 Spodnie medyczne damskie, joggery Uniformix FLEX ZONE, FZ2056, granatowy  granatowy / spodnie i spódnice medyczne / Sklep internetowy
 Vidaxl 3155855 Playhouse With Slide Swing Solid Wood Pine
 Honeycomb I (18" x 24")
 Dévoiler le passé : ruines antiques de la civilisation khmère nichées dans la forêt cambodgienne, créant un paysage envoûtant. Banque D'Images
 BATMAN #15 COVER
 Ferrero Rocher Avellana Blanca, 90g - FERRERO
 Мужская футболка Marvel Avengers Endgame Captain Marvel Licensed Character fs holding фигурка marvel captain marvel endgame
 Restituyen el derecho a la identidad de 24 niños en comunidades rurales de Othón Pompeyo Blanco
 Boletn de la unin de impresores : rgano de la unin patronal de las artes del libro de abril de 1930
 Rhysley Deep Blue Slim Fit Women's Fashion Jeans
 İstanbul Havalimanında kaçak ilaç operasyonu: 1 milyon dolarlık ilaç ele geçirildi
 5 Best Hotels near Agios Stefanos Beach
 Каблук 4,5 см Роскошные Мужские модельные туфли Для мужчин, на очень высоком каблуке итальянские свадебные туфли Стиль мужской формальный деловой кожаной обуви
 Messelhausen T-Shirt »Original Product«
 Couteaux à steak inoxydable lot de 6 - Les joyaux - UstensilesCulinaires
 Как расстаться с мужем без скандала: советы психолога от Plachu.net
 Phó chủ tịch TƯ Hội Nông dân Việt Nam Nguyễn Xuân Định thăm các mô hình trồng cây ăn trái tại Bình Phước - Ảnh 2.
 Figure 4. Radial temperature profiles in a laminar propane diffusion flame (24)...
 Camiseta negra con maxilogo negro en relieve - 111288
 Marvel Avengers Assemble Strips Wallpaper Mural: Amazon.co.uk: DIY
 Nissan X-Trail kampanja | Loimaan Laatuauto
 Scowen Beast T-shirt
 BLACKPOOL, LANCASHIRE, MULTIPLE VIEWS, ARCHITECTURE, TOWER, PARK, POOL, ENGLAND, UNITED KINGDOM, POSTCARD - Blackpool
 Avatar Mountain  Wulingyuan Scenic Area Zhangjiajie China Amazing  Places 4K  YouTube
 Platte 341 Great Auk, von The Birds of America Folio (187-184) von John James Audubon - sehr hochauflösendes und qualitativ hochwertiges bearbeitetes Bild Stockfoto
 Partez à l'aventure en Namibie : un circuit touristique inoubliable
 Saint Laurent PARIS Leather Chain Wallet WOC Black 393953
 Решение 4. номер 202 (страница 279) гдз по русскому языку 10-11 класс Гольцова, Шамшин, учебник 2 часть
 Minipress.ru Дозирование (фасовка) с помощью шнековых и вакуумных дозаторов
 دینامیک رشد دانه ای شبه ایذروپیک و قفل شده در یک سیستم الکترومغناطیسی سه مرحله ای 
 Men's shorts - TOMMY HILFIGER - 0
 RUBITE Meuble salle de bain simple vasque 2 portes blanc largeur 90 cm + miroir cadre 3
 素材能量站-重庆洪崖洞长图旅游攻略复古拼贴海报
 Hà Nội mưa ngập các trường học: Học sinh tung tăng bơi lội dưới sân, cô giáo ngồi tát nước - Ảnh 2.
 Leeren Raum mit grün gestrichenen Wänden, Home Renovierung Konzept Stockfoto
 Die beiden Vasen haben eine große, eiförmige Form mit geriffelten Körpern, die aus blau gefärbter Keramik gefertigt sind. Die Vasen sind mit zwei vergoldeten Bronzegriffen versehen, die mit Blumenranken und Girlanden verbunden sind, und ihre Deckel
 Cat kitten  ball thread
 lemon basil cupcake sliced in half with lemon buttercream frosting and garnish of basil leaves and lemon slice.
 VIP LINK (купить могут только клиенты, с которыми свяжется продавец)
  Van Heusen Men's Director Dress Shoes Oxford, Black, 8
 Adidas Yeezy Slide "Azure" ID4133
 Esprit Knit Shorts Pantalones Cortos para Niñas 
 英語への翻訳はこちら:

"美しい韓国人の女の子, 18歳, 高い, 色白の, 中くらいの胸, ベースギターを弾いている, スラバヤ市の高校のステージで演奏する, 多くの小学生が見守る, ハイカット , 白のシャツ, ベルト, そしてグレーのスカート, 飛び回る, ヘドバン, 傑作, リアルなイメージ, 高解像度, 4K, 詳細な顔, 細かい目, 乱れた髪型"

____

● **WORK REQUEST**
Each line from the beginning of the entries to the line with "BATMAN #15 COVER" must be repeated exactly, with both end lines kept and no other lines given.

● **SOLUTION BELOW**
 Spodnie medyczne damskie, joggery Uniformix FLEX ZONE, FZ2056, granatowy  granatowy / spodnie i spódnice medyczne / Sklep internetowy
 Vidaxl 3155855 Playhouse With Slide Swing Solid Wood Pine
 Honeycomb I (18" x 24")
 Dévoiler le passé : ruines antiques de la civilisation khmère nichées dans la forêt cambodgienne, créant un paysage envoûtant. Banque D'Images
 BATMAN #15 COVER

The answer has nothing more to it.